RICHMOND, Va. (AP) - One of Shekinah Mitchell’s favorite memories in Richmond is walking out of her favorite corner store 10 years ago and serendipitously meeting the man who would become her husband.
Today, that corner store no longer exists.
Mitchell’s story is part of a larger pattern that policy experts said is becoming increasingly common in Richmond and around the nation: gentrification.
“Gentrification is not just physical displacement; it’s cultural displacement,” Mitchell said during a panel Friday afternoon. “In the same way we have to be vigilant in preserving housing that is affordable for all people in our community, we have to do the same with culture.”
Two seats away from her, Arthur Burton, the executive director of Kinfolk Community Empowerment Center, said gentrification is often discussed in a way to keep white people comfortable.

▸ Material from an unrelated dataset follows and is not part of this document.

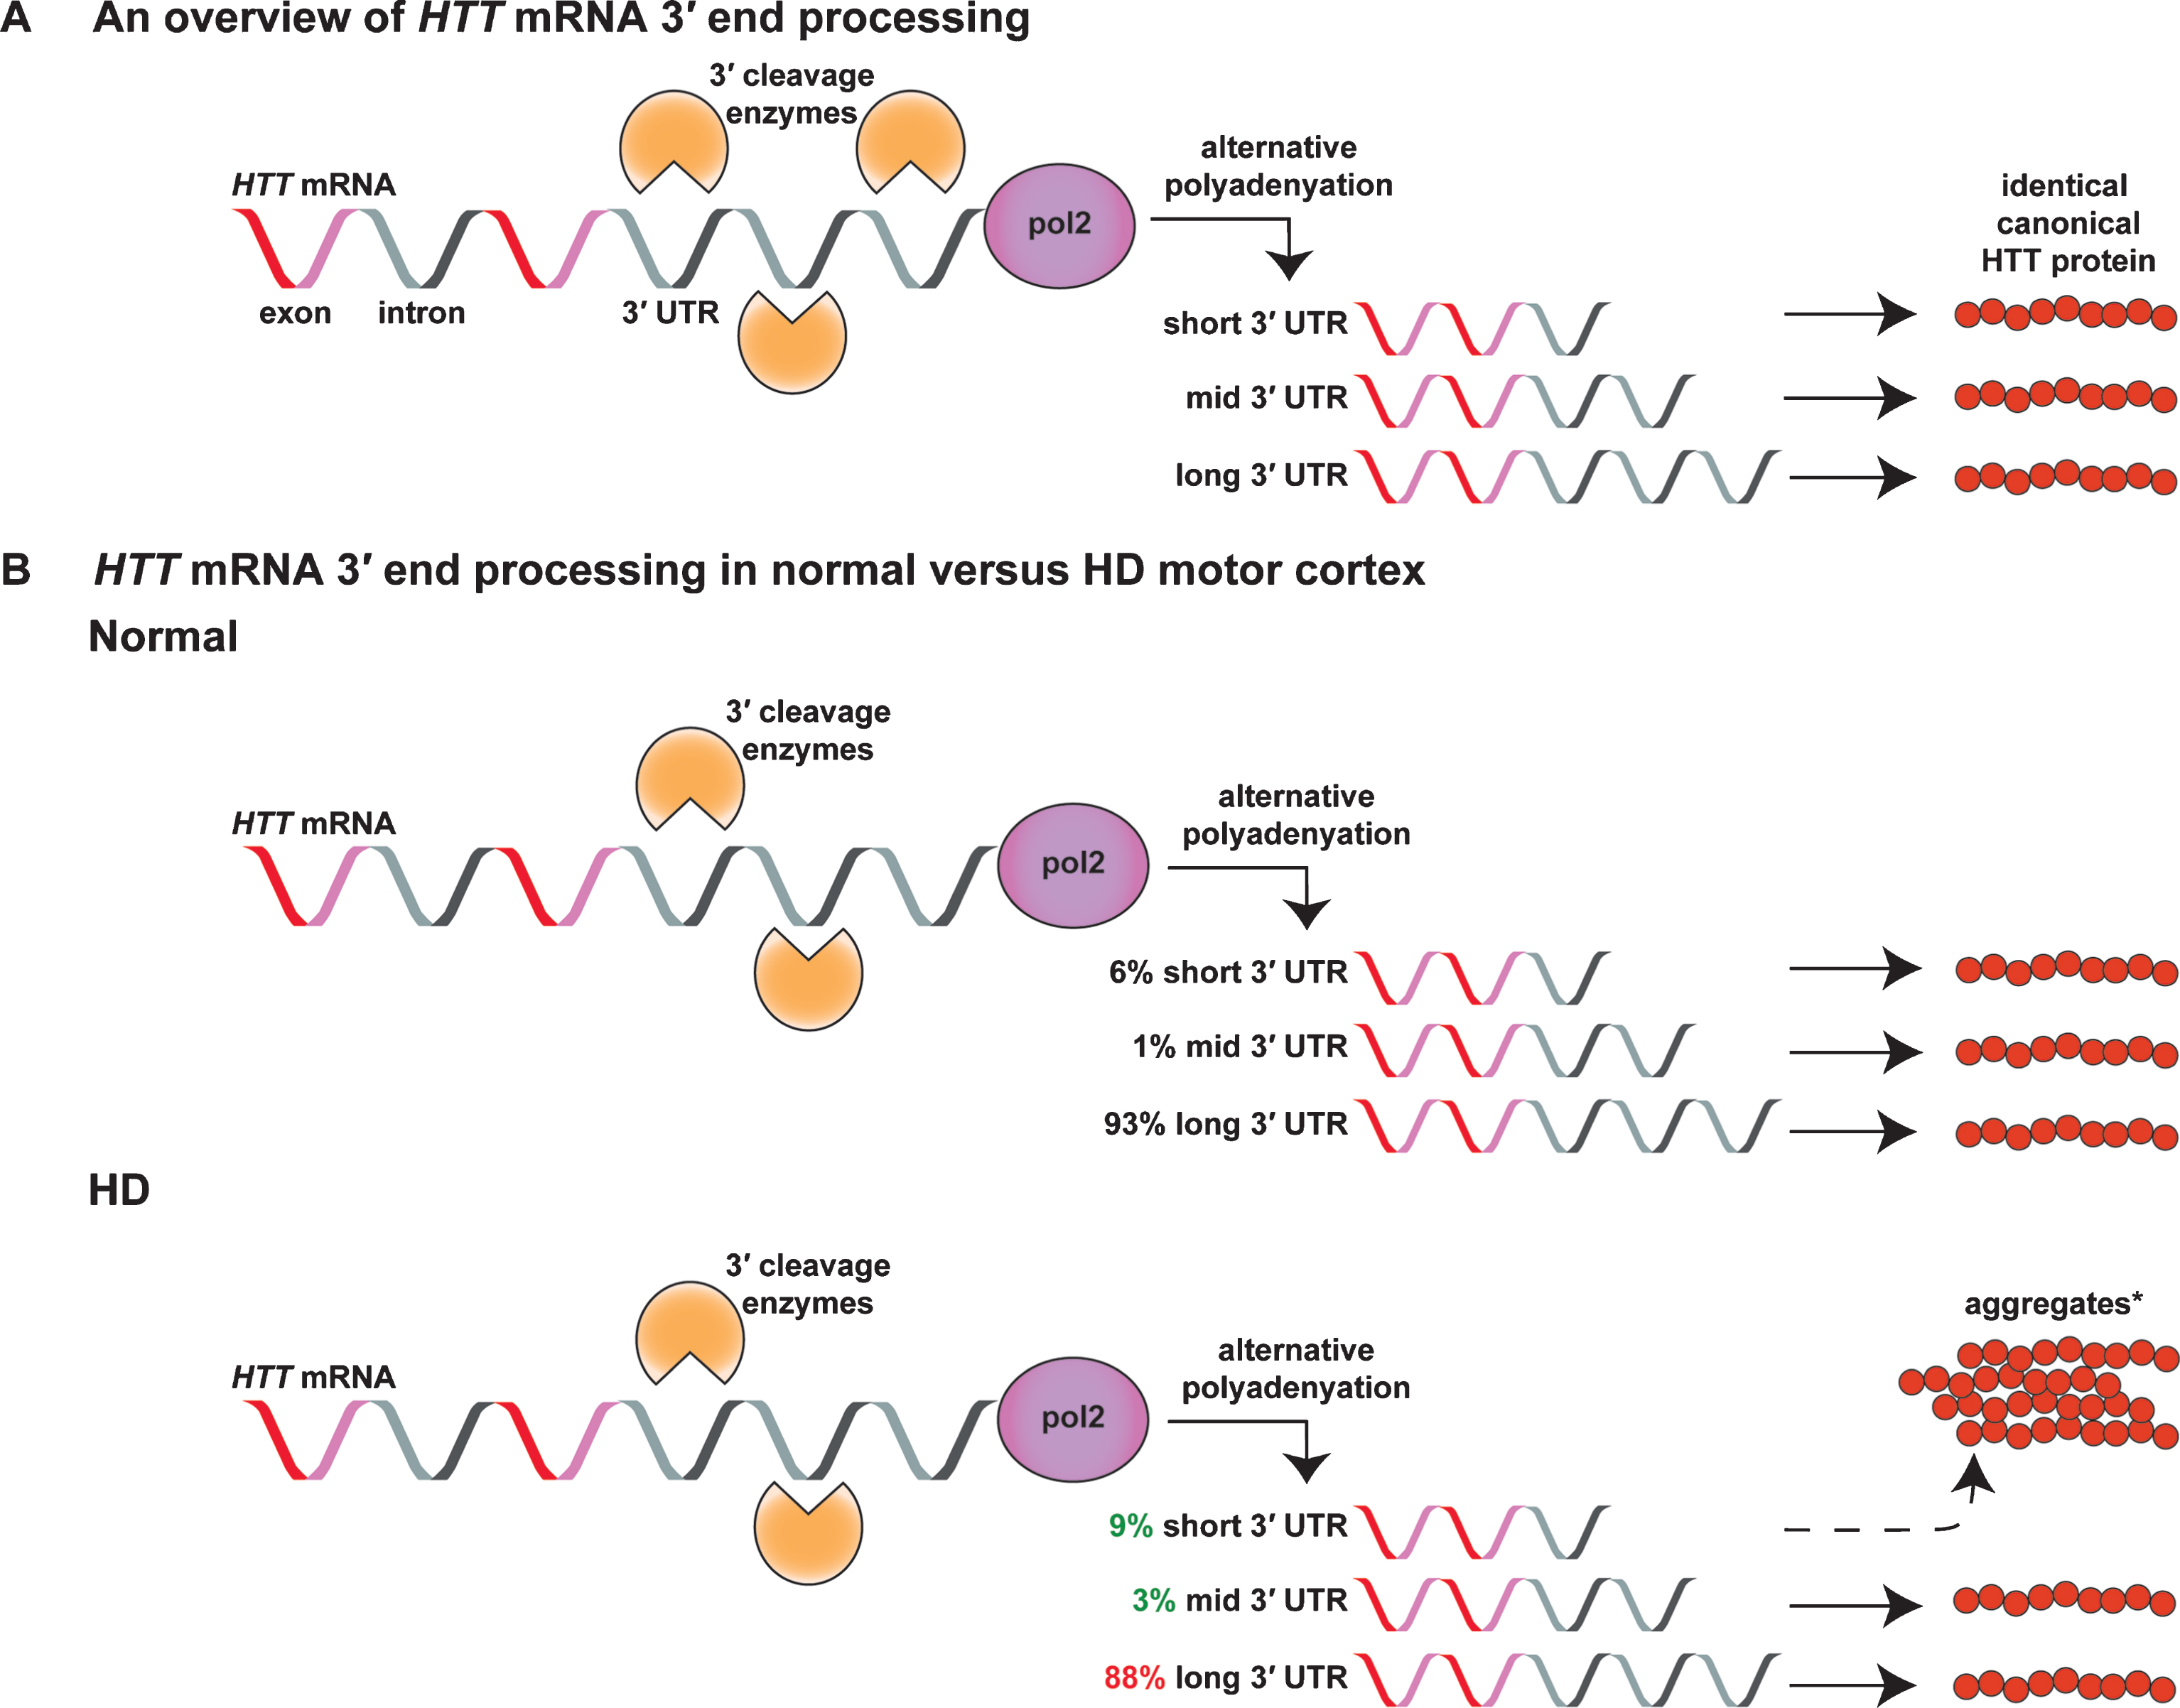 HTT mRNA is processed into several alternatively polyadenylated isoforms that change their abundance in HD versus normal human motor cortex. A) The HTT gene is transcribed into mRNA by RNA polymerase 2 (pol2). During transcription, nascent HTT mRNA can be alternatively cleaved and polyadenylated at three putative polyA sites in its 3′UTR producing a 10.3 kb (short), 12.5 kb (mid), or 13.7 kb (long) transcript [22, 23]. These alternatively polyadenylated isoforms are translated into the canonical HTT protein. B) In HD patient motor cortex, the amount of the short and mid 3′UTR isoforms increases relative to the long isoform [23]. *The short 3′UTR isoform forms more aggregates than the long isoform in vitro [30], suggesting altered isoform abundance may have an impact on the formation of abnormal protein-protein interactions.

“We tend not to talk about the elephant in the room, and that’s the elephant of race,” Burton said.
According to an analysis by panel member Jonathan Knopf, with Housing Virginia, about 90 percent of households in the Church Hill area were black in 2000, including renters. By 2015, that number fell to about 70 percent.
While the number of black homeowners in Church Hill decreased by almost 25 percent in that same period, the number of white homeowners increased by nearly 160 percent.
Duron Chavis, the community engagement manager at Lewis Ginter Botanical Garden, said the trend is not new.
“The narrative of Virginia is one where some were given privilege over land and its use, while others were marginalized from its use,” Chavis said. He said displacement “is engrained in the very fabric of this country.”
When a wealthier person moves into a neighborhood and purchases a home at a higher price than its assessed value, Chavis explained, people already living in that area must now pay higher taxes on their homes.
For some families, Mitchell noted, the increasing home value is a wonderful thing, as having more equity can mean building wealth. But that’s not the case for everyone.
“In some cases, it can go from $200 to, maybe, $1,600 in taxes a year,” Chavis said. “If you as a homeowner become delinquent on your taxes, then you’re at threat of losing your home.”
For renters, as home values in an area increase, so does their monthly rent - until, sometimes, they can no longer afford to live there.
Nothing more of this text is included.